As outcomes-based payments, and quality measures continue to strongly influence provider reimbursement, community pharmacies positioned as integral members of the health care team will become indispensable. Troy’s model provides an ideal environment for this transition to reach critical mass.

By simply facilitating a model in which pharmacists can focus less on filling prescriptions, and more on filling their intended role, reimbursement models like Troy’s could be the force needed to pull the linchpin in pharmacy’s long-awaited disruption.


REFERENCES
  1. de Barra M, Scott CL, Scott NW, Johnston M, de Bruin M, Nkansah N, Bond CM, Matheson CI, Rackow P, Williams AJ, Watson MC. Pharmacist services for non‐hospitalized patients. Cochrane Database of Systematic Reviews. 2018(9).

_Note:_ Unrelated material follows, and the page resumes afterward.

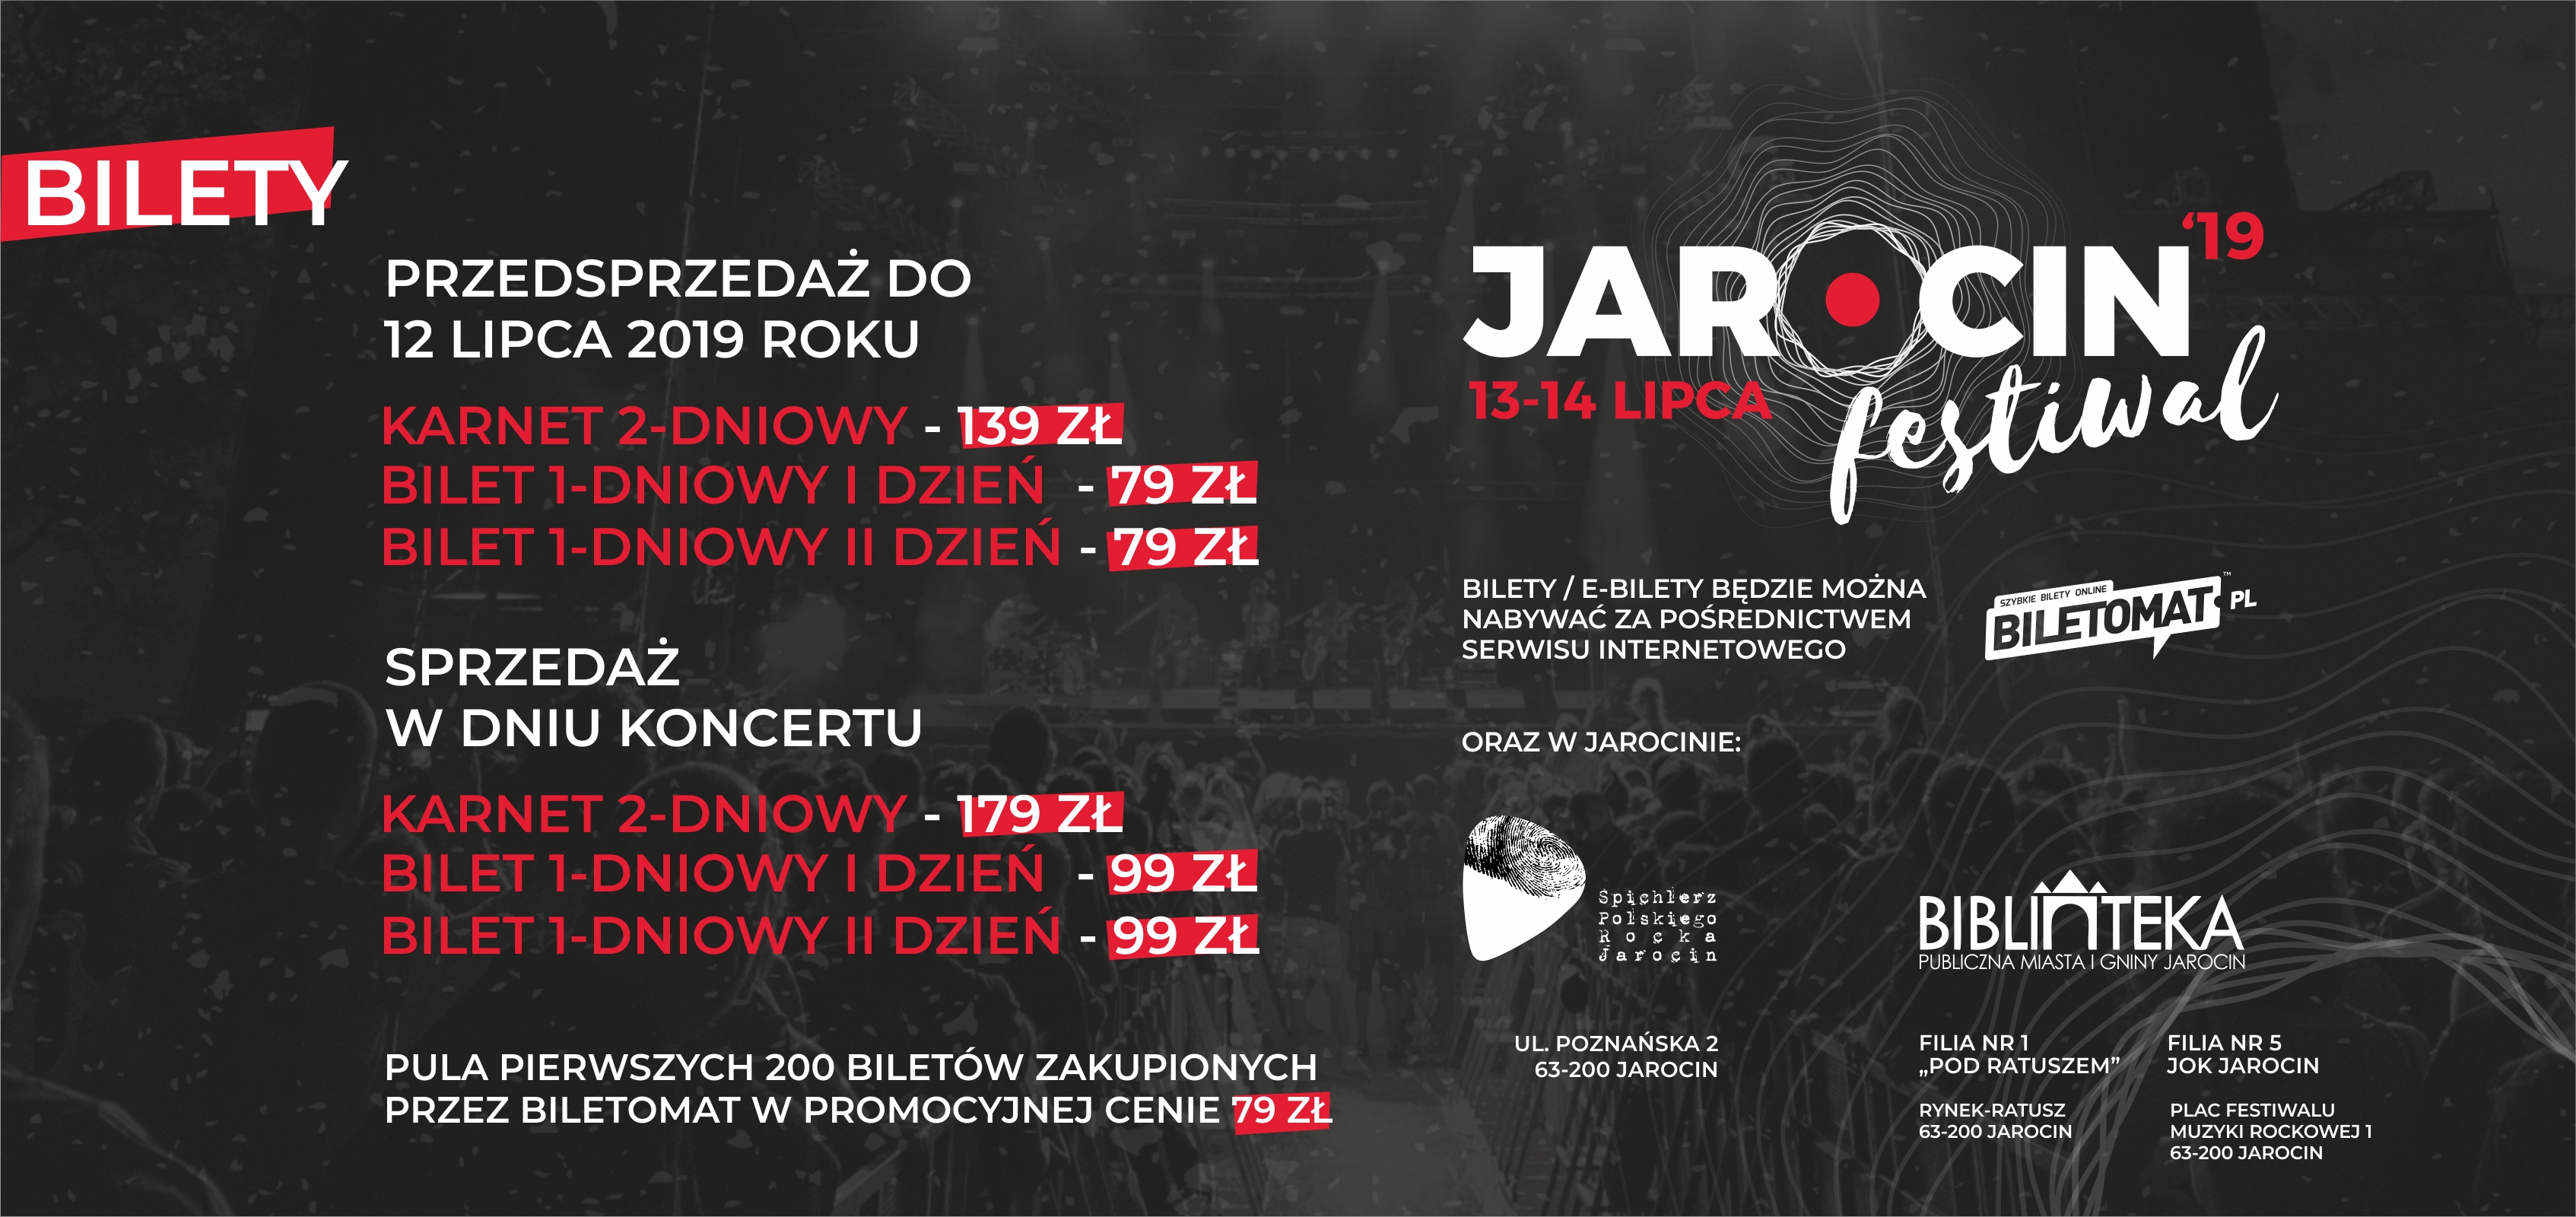 Jarocin Festiwal 2019 – informacja o karnetach i biletach

  2. Cranor CW, Bunting BA, Christensen DB. The Asheville Project: long-term clinical and economic outcomes of a community pharmacy diabetes care program. J Am Pharm Assoc. 2003 Mar 1;43(2):173-84.
  3. Feldman JD, Otting RI, Otting CM, Witry MJ. A community pharmacist–led service to facilitate care transitions and reduce hospital readmissions. J Am Pharm Assoc. 2018 Jan 1;58(1):36-43.
  4. DeVol R, Bedroussian A, Charuworn A, Chatterjee A, Kim I, Kim S, Klowden K. An unhealthy America: The economic burden of chronic disease. Santa Monica, CA: Milken Institute. 2007 Oct 11;326:2010-60.
  5. Chatterjee A, Kubendran S, King J, DeVol R. Checkup time. Chronic diseases and wellness in America: measuring the economic burden in a changing nation. Milken Institute.
  6. Bauer UE, Briss PA, Goodman RA, Bowman BA. Prevention of chronic disease in the 21st century: elimination of the leading preventable causes of premature death and disability in the USA. The Lancet. 2014 Jul 5;384(9937):45-52.
  7. Watanabe JH, McInnis T, Hirsch JD. Cost of prescription drug–related morbidity and mortality. Ann Pharmacother. 2018 Sep;52(9):829-37.